Flow summary: A trigger (agent or disambiguation) creates a UserInTheLoop payload with is_waiting=True. The HITL Handler calls interrupt() to pause the graph and checkpoint state. When the user responds, Command(resume=answer) restores execution. The handler routes to either the original agent or disambiguation resolution based on the interrupt source.

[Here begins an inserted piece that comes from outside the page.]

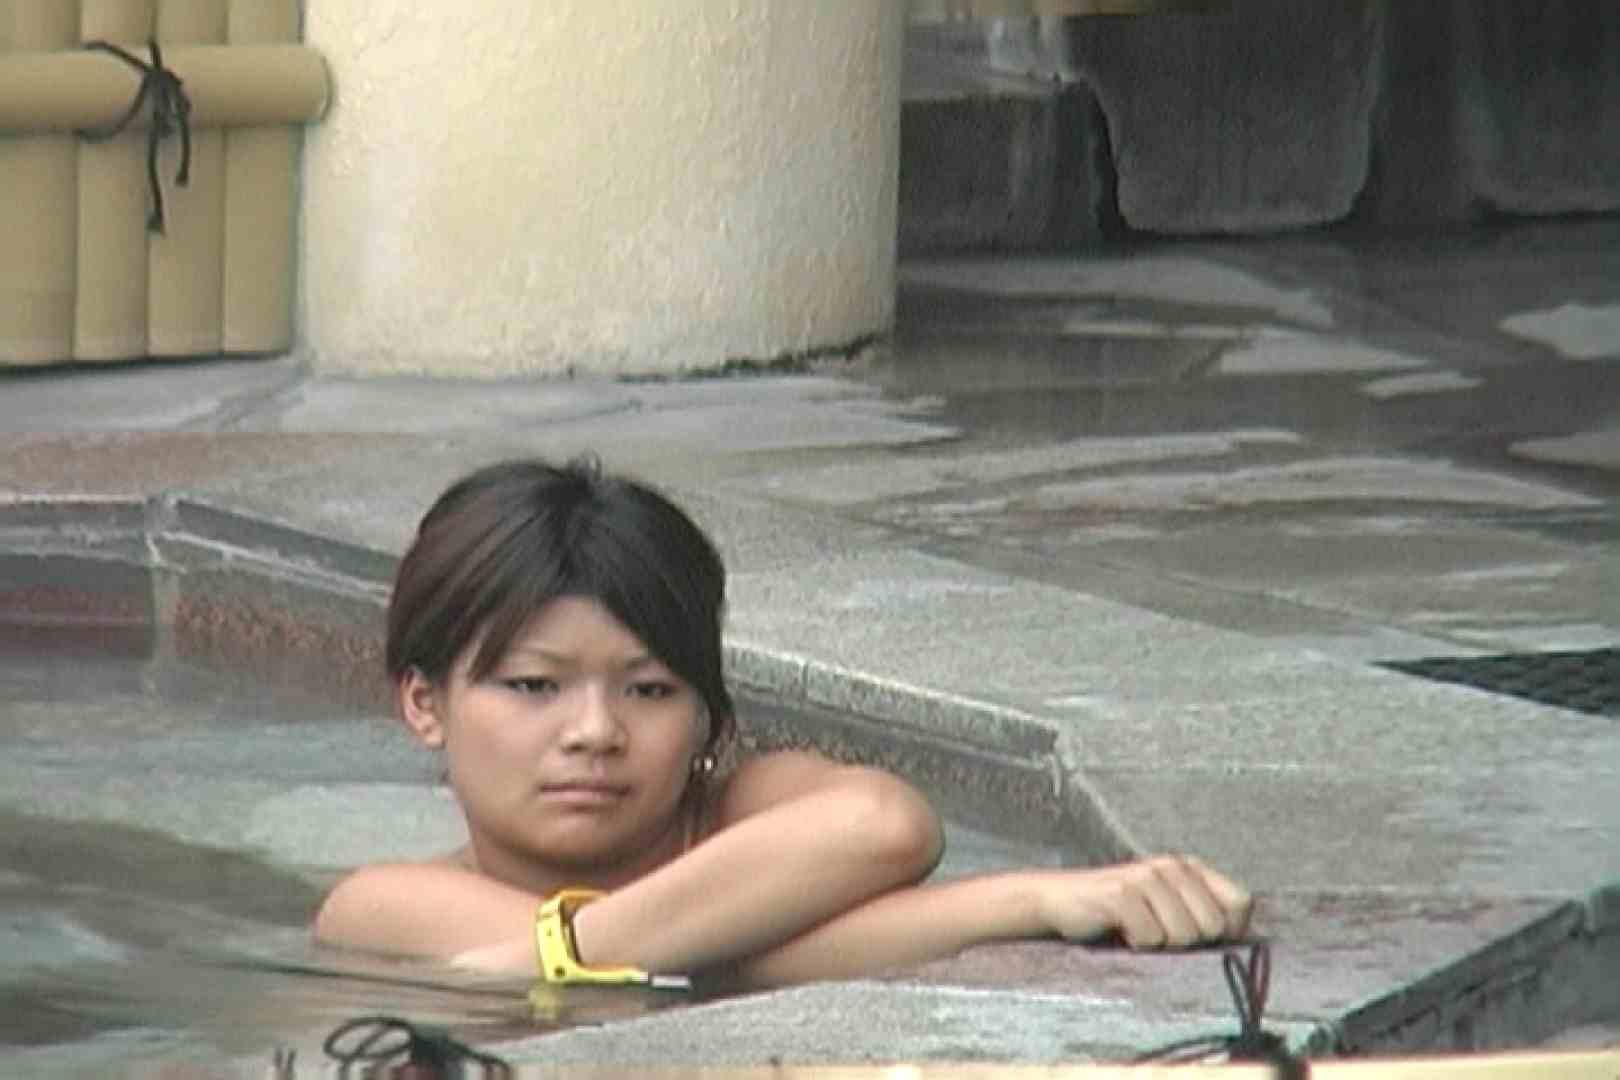 Aquaな露天風呂Vol.544 盗撮シリーズ   露天風呂編  80PIX 57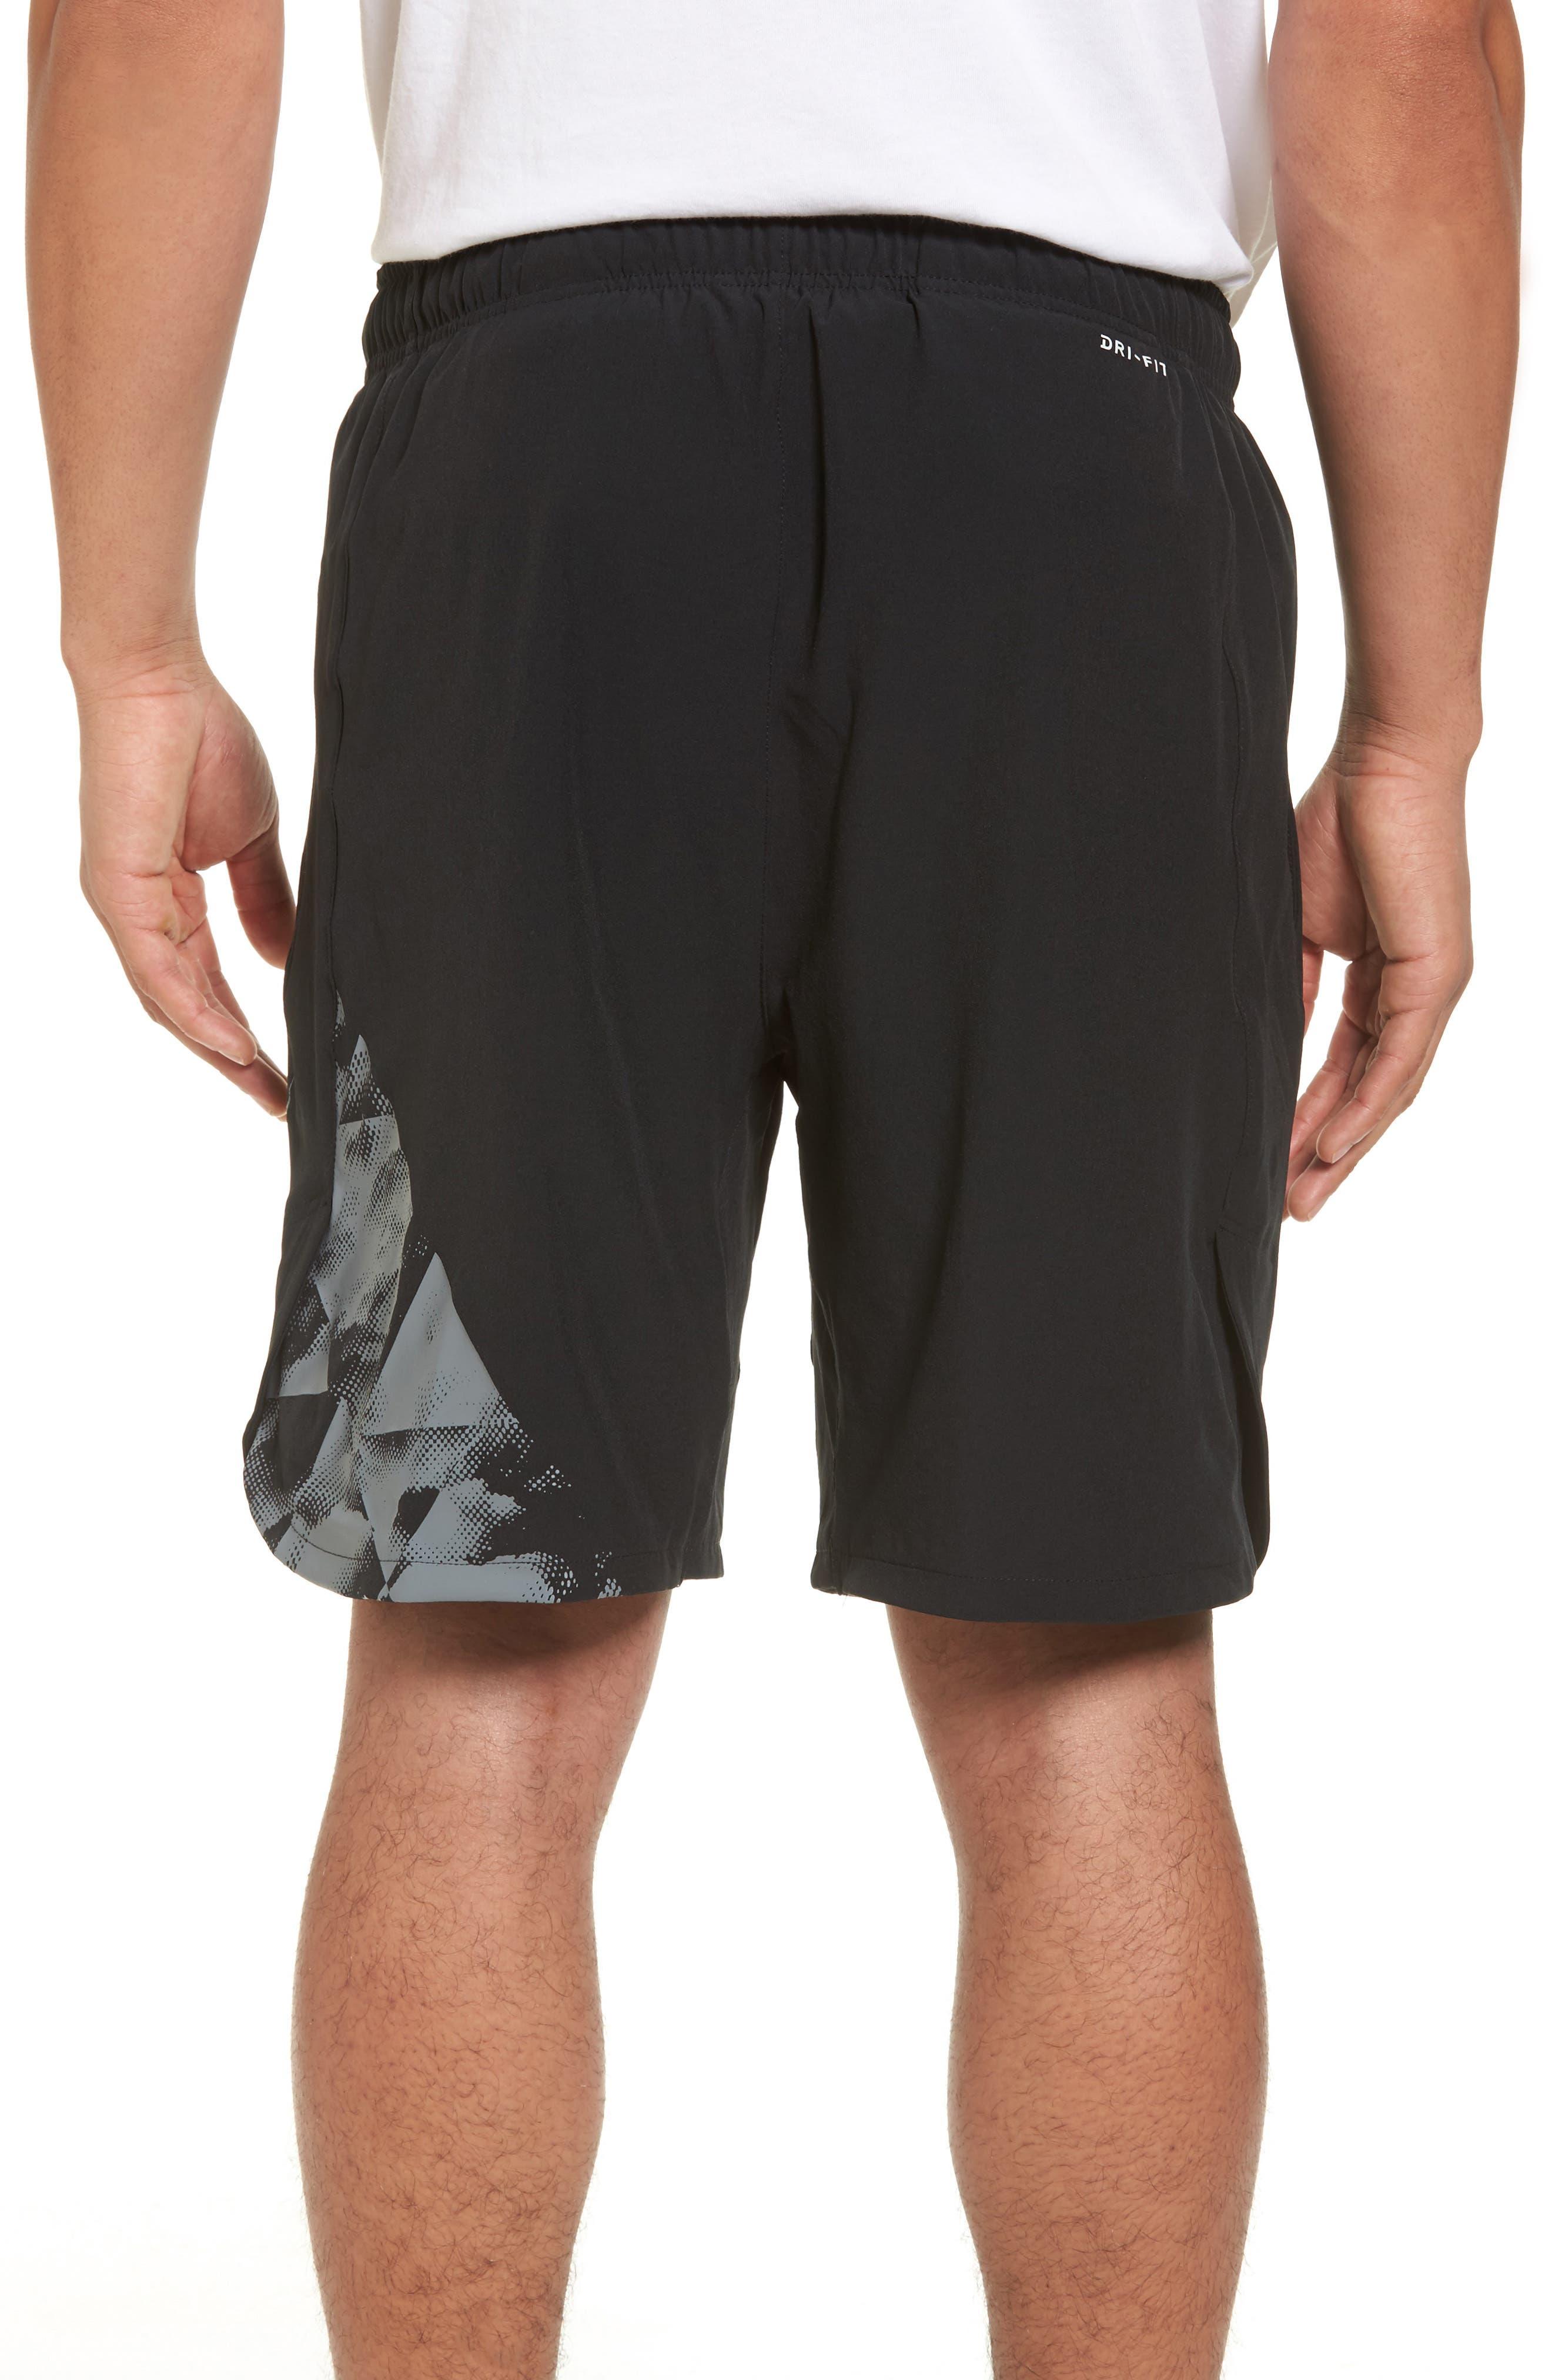 Flex Training Shorts,                             Alternate thumbnail 2, color,                             010

Component Responsibilities

Component Responsibility
HITL Handler Node Central orchestrator — calls interrupt(), processes user response, detects escaping, routes to resume target
Disambiguation Blocking Node Generates ask-only questions for critical entity ambiguity. Streams question, sets is_waiting=True
Disambiguation Resolution Node Resolves user's entity choice — fast-path (exact match) or LLM semantic matching. Persists pending facts with correct entity
Create New Entity Node Handles "Someone else" flow — LLM extracts role/context, creates new Person record
HITL Text Node Formats and streams HITL questions to the frontend (bypasses LLM)
Agent Execution Node Detects WAITING_FOR_INPUT status from domain agents and propagates UserInTheLoop to state

Data Model

UserInTheLoop (Pydantic Model)

Field Type Purpose
question str Current question to display
answer str User's answer (populated on resume)
is_waiting bool True = graph is paused waiting for user
escaping bool True = user wants to abandon current task
target_agent str Which agent to resume (e.g., "productivity_agent")
source_node str Which node triggered the interrupt
needs_clarification bool Type: missing data
needs_confirmation bool Type: risky action approval
last_question_type str "clarification", "confirmation", or "disambiguation"
stored_data dict Context preserved across the interrupt (search results, drafts, entity options)
tool_results dict Tool execution results preserved across the interrupt
previous_questions / previous_answers list[str] Multi-turn history
modality str "text" or "voice"

State Persistence

Store What's Saved Mechanism
Redis Full graph state including UserInTheLoop, agent context, partial results LangGraph checkpoint via interrupt()
PostgreSQL Fallback state for crash recovery StatePersistenceManager

Key Design Decisions

1. LangGraph interrupt() Over Custom Polling

  • Chosen: Native LangGraph interrupt() with Command(resume=...) for pause/resume
  • Rejected: Custom polling loop, WebSocket-based waiting, database flag checking
  • Rationale: interrupt() integrates directly with LangGraph's checkpoint system, providing automatic state persistence, deterministic resume, and multi-turn support without custom infrastructure

2. Centralized Handler Over Per-Agent Questions

  • Chosen: All HITL requests flow through a single handler node that formats and delivers questions
  • Rejected: Each agent formats its own user-facing questions
  • Rationale: Consistent UX across all agents and channels. Single point for audit logging, A/B testing of question formats, and channel-specific adaptation (text vs voice)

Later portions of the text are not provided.